BitConnect Ponzi victims can sue some of the crypto scam’s promoters


The story of BitConnect doesn’t include any rapping Forbes bloggers slash money launderers or dubiously-obtained ape JPGs, but this “pyramid-on-Ponzi” case has spawned a court ruling (PDF, embedded below, via @stephendpalley) that should serve as a warning for influencers: they could be held liable for peddling shady crypto investments.

In case you’ve forgotten this particular scam, BitConnect’s promoters told its victims that if they handed over their Bitcoin for a period of time, their crypto would be used by an automated trading bot that would return huge profits. None of that was true, and the operators instead paid off older investors with funds from the new ones, bringing in $10 million per week at its peak.
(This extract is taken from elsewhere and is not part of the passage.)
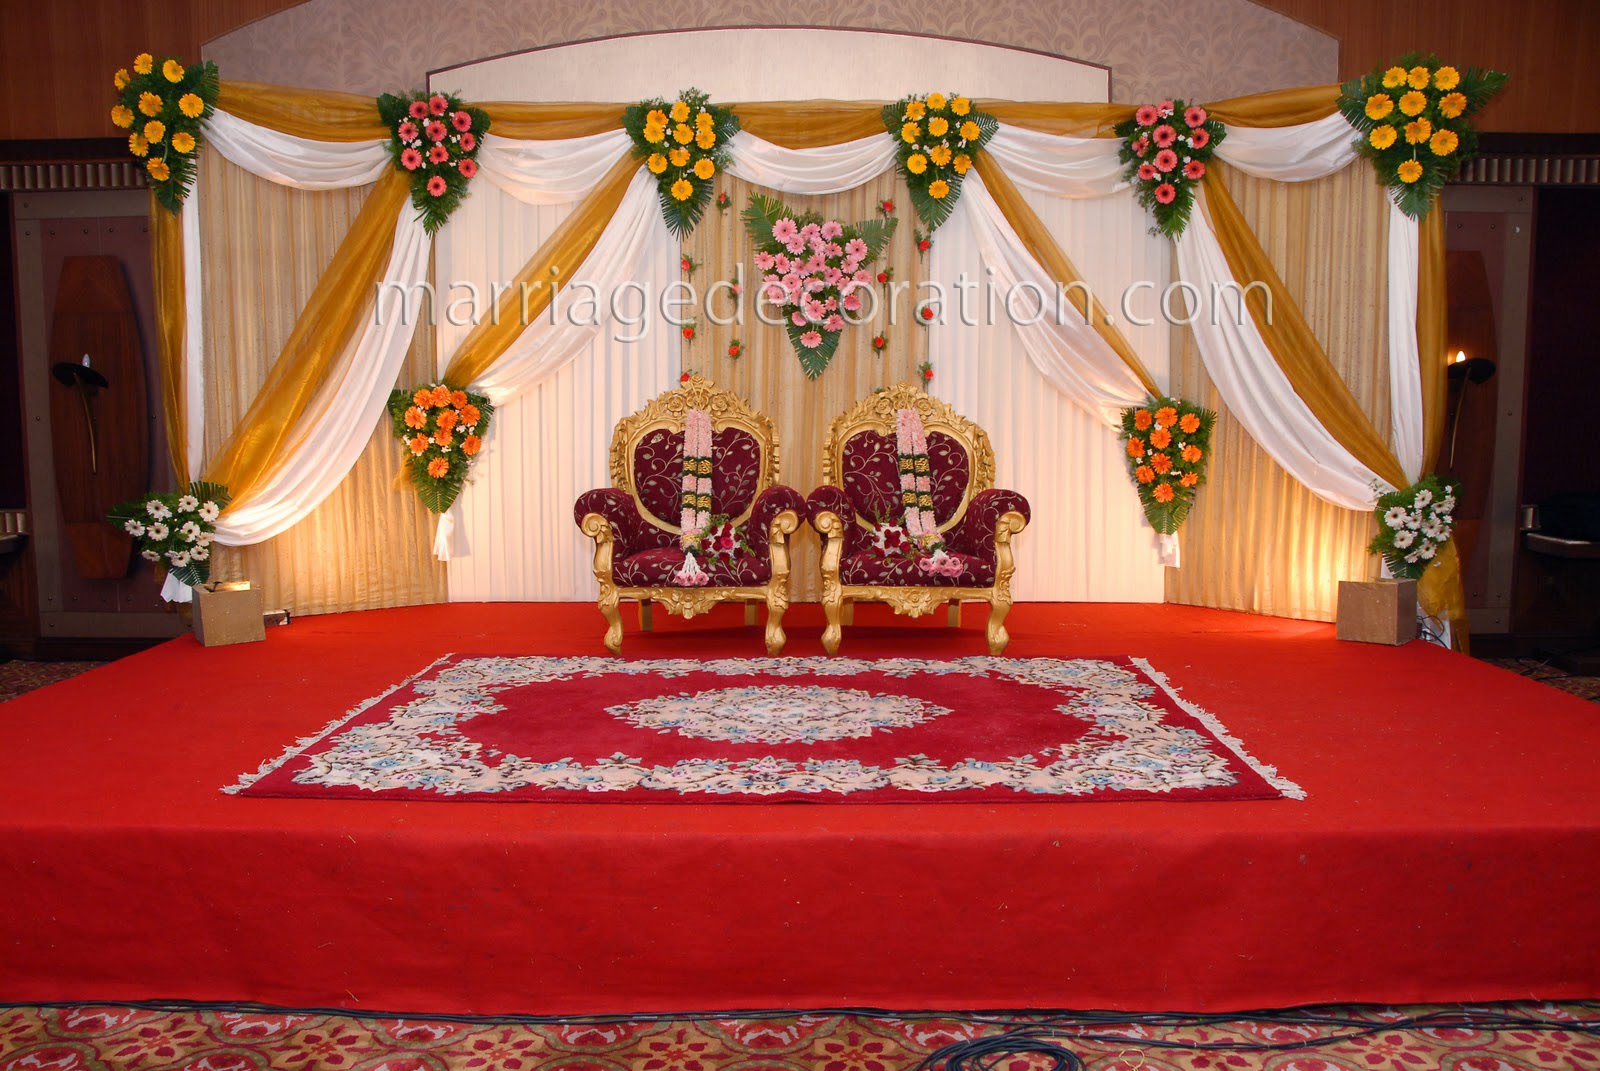 christian wedding decorations stage image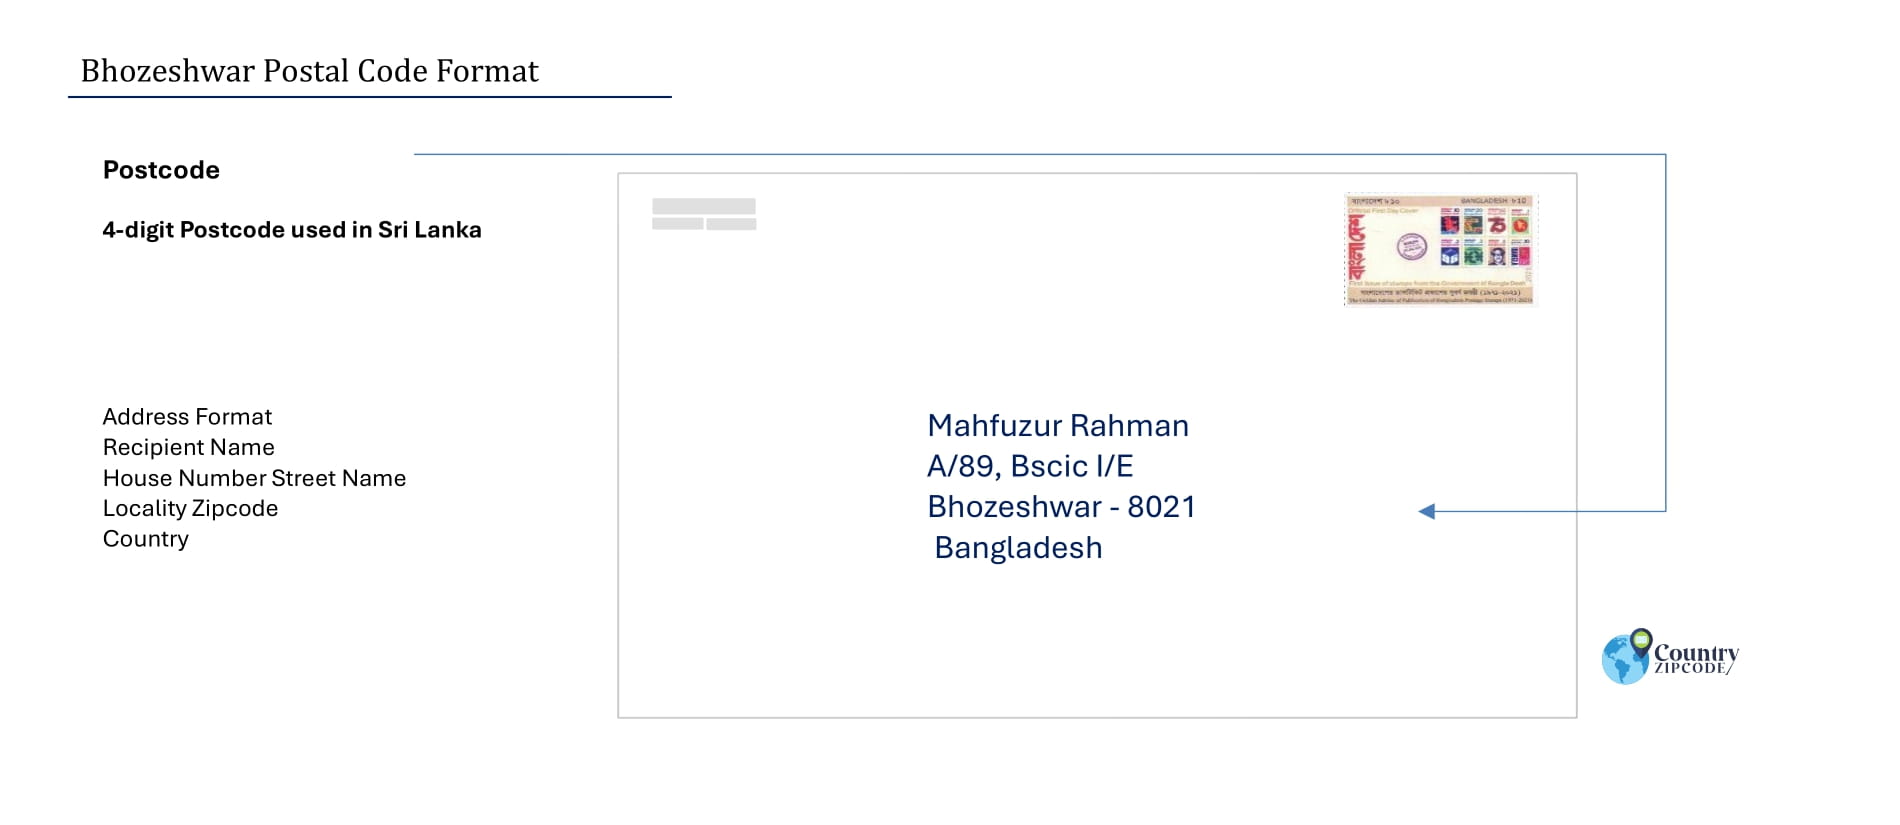 Bhozeshwar Postal code format

All told, the scam took in more than $2 billion worth of investments.

In 2018, some investors filed a class-action lawsuit against BitConnect and several of its most prominent promoters, attempting to hold them liable under a violation of the 1933 Securities Act that blocks soliciting investments in unregistered securities. Glenn Arcaro, who had called himself BitConnect’s “number one promoter” and has already pleaded guilty to federal wire fraud charges, argued successfully in district court to dismiss the case, as the court ruled that the investors’ allegations did not amount to Arcaro actively trying to persuade them to invest.

However, the investors appealed, and now the 11th Circuit Court of Appeals has now ruled in their favor to reinstate the section 12 claim they cited, allowing the case to proceed against Arcaro and one of his regional promoters, Ryan Maasen.

The appeals court found that “when the promoters urged people to buy BitConnect coins in online videos, they still solicited the purchases that followed.” In their opinion, Judge Grant wrote, “Securities Act precedents do not restrict solicitations under the Act to targeted ones […] We never added that those efforts at persuasion must be personal or individualized.”

An attorney for the plaintiffs, David Silver, tweeted after the ruling that “the law is clear: promote on social media, you can and will be held liable.”

In a statement sent to The Verge, Silver added: “The appellate court today confirmed what so many of the BitConnect promoters themselves have conceded in their guilty pleas to the criminal charges brought against them: the BitConnect investment program is a fraud, and soliciting investors through social media channels does not exempt that fraud from the federal securities laws.”

Now, the attorney is inviting anyone who bought into a cryptocurrency, ICO, or “other investment” based on an online solicitation to reach out to him as well. How might this ruling apply to some of the tweets, TikToks, and YouTube videos you’ve seen? That could depend on regulators’ view of what counts as a security. Cryptocurrency like Bitcoin could qualify as a commodity and be in the clear in this instance, but ICOs, DAOs, and other products are on shakier ground.